* [Recorded data]
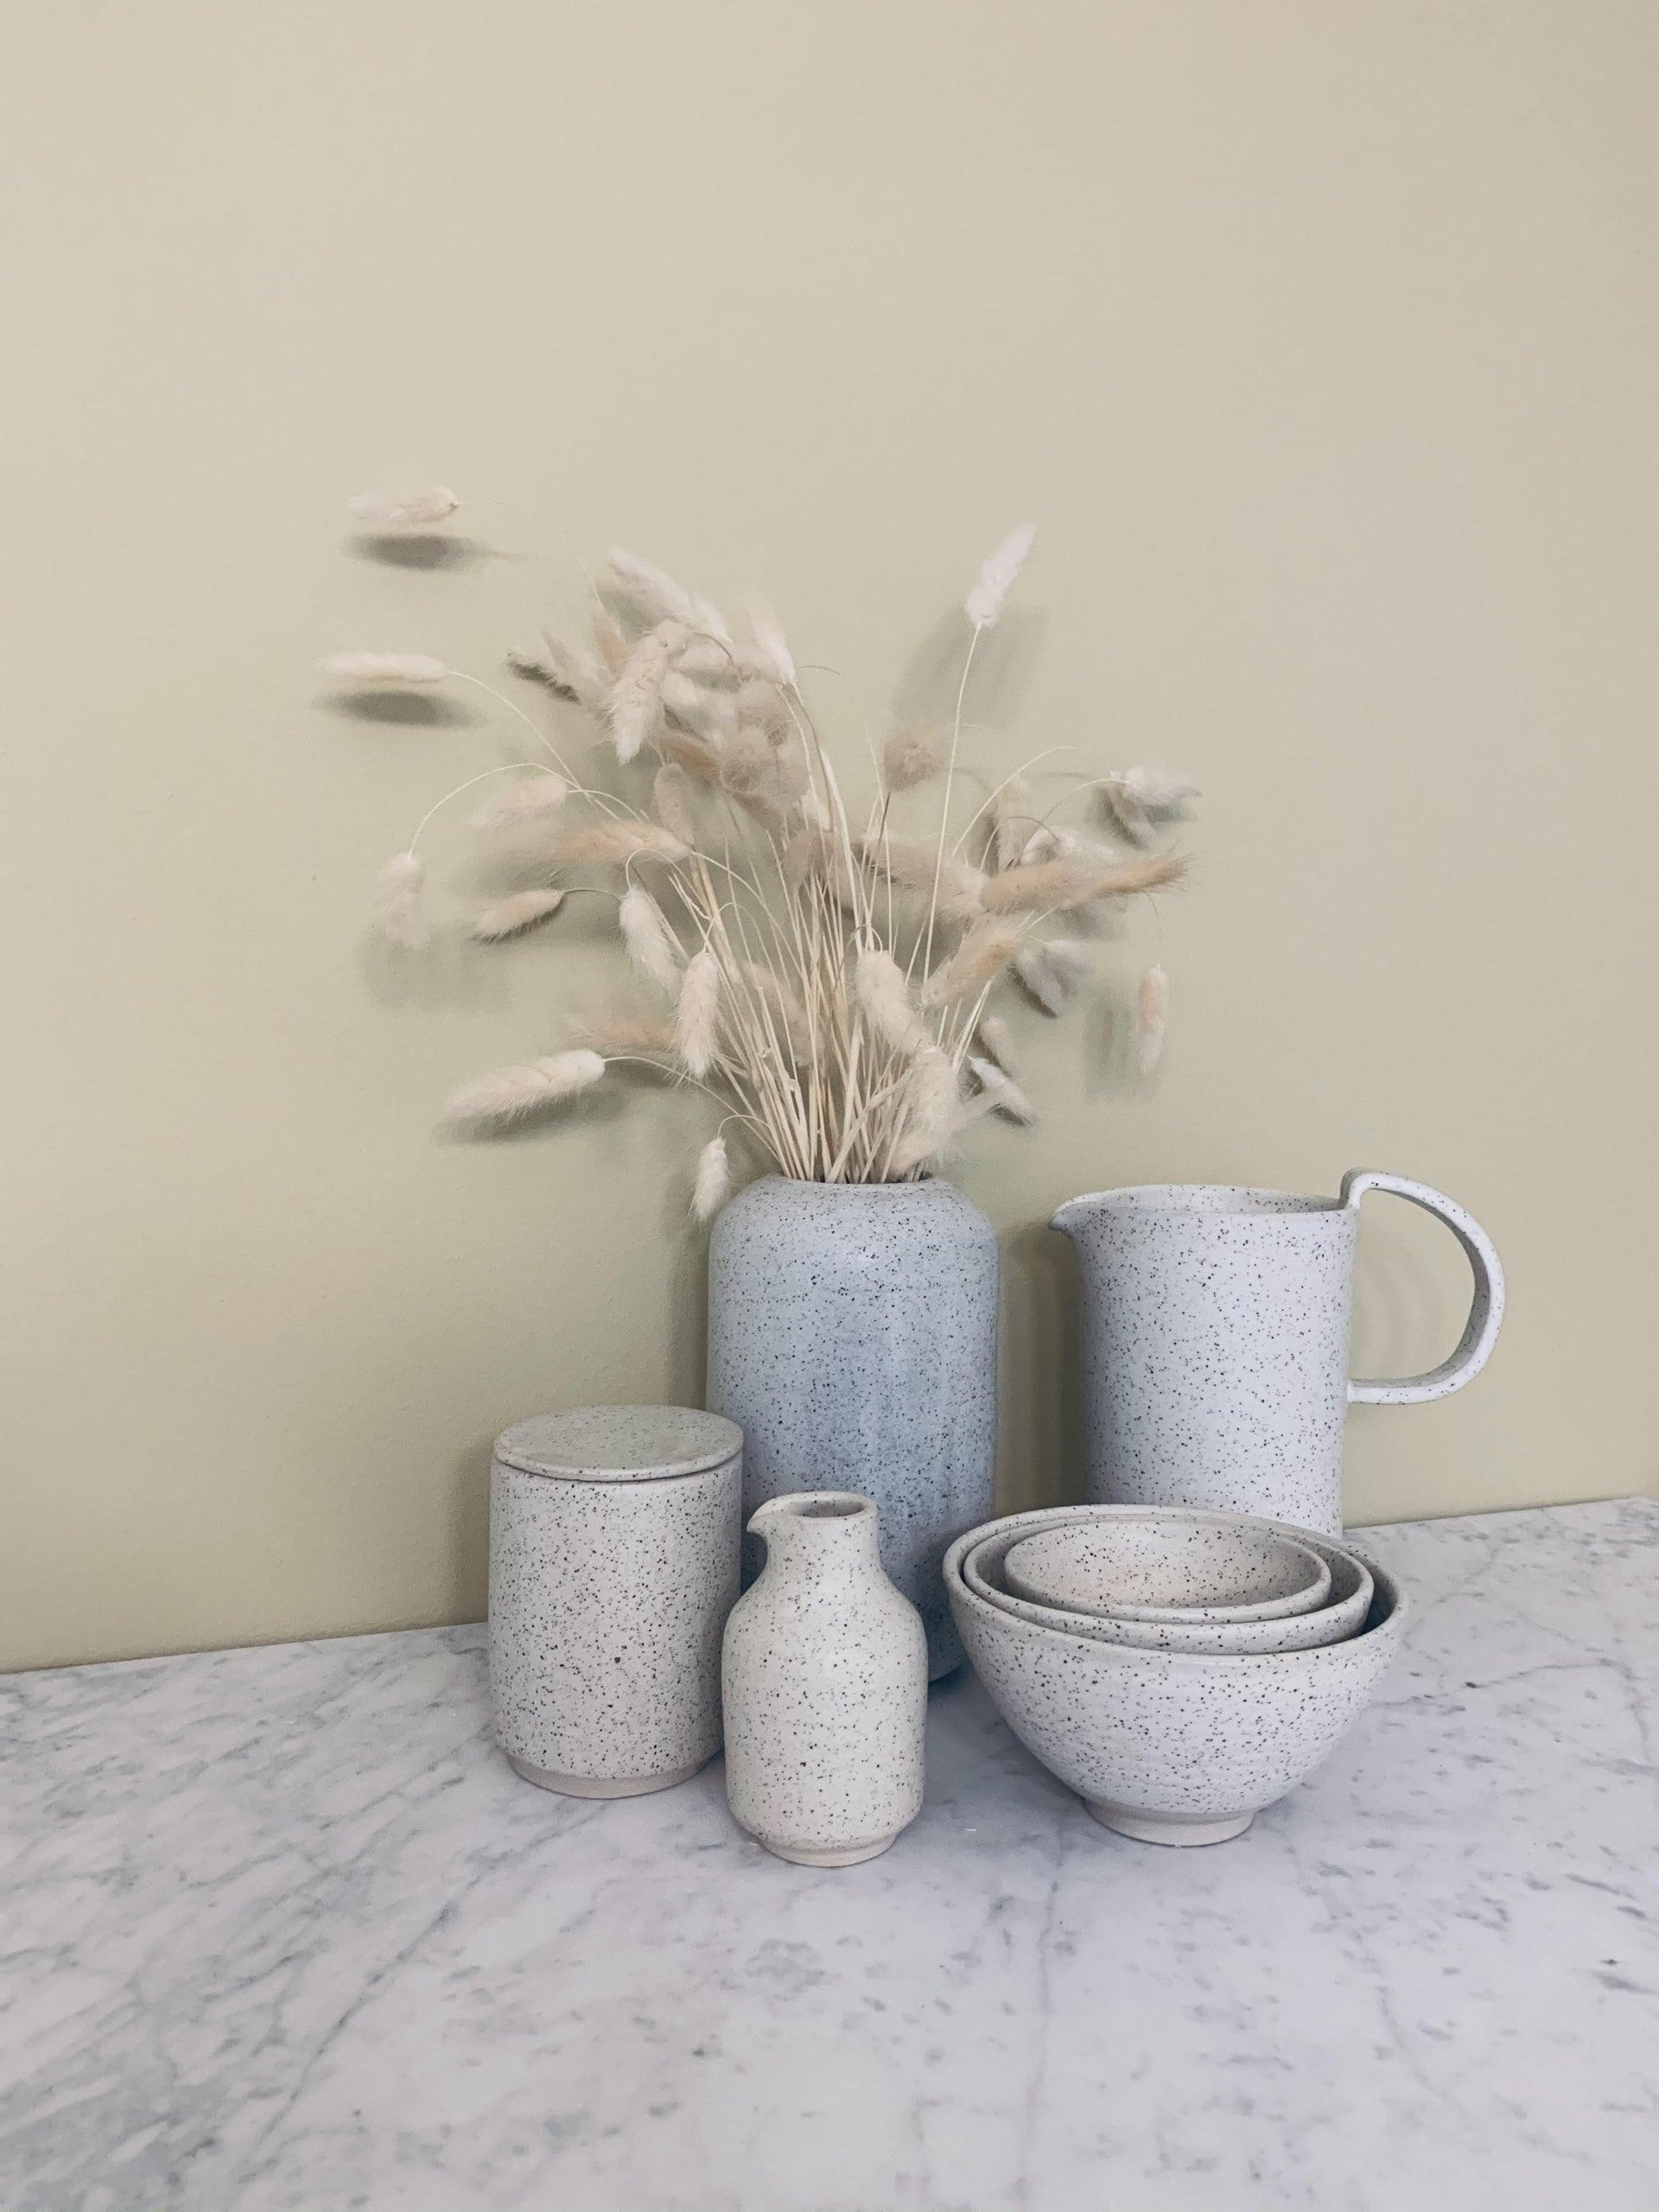 30 carrara-marmor-arki-bordplade
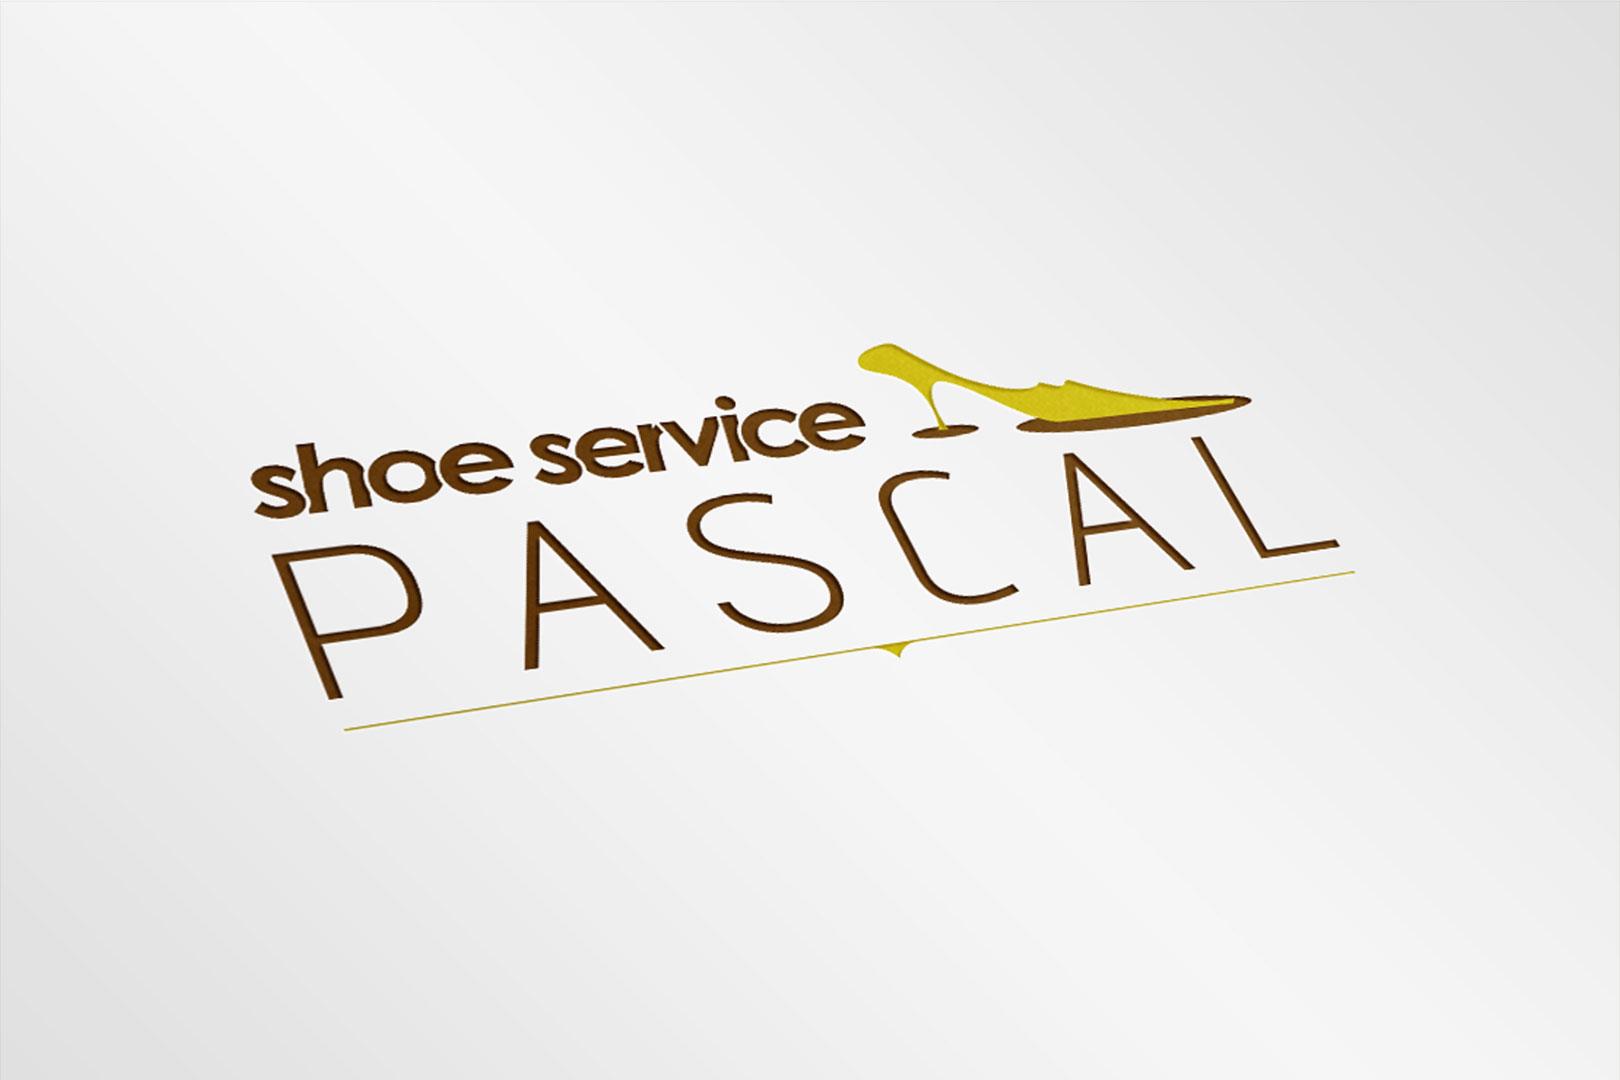 pascal1
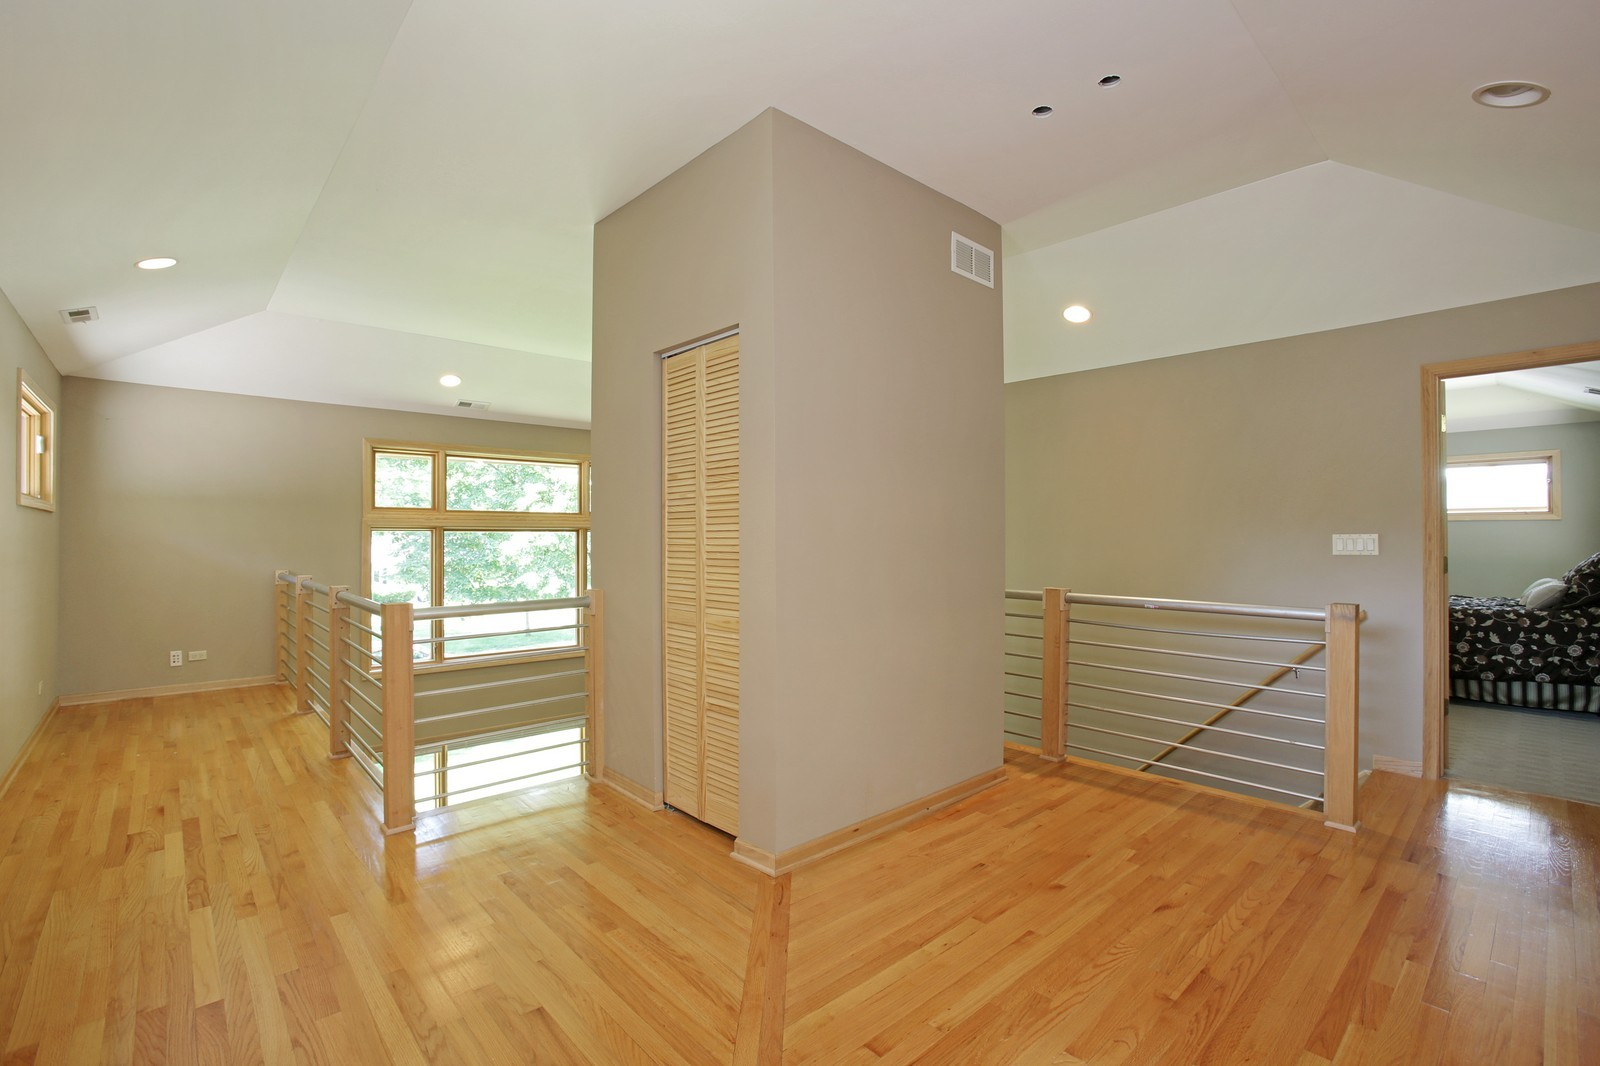 Real Estate Photography - 4107 Washington St, Downers Grove, IL, 60515 - Loft

* [Problem description] The result should be the full material above, word for word, with its pictures omitted.

* [The answer]
 30 carrara-marmor-arki-bordplade
 pascal1
 Real Estate Photography - 4107 Washington St, Downers Grove, IL, 60515 - Loft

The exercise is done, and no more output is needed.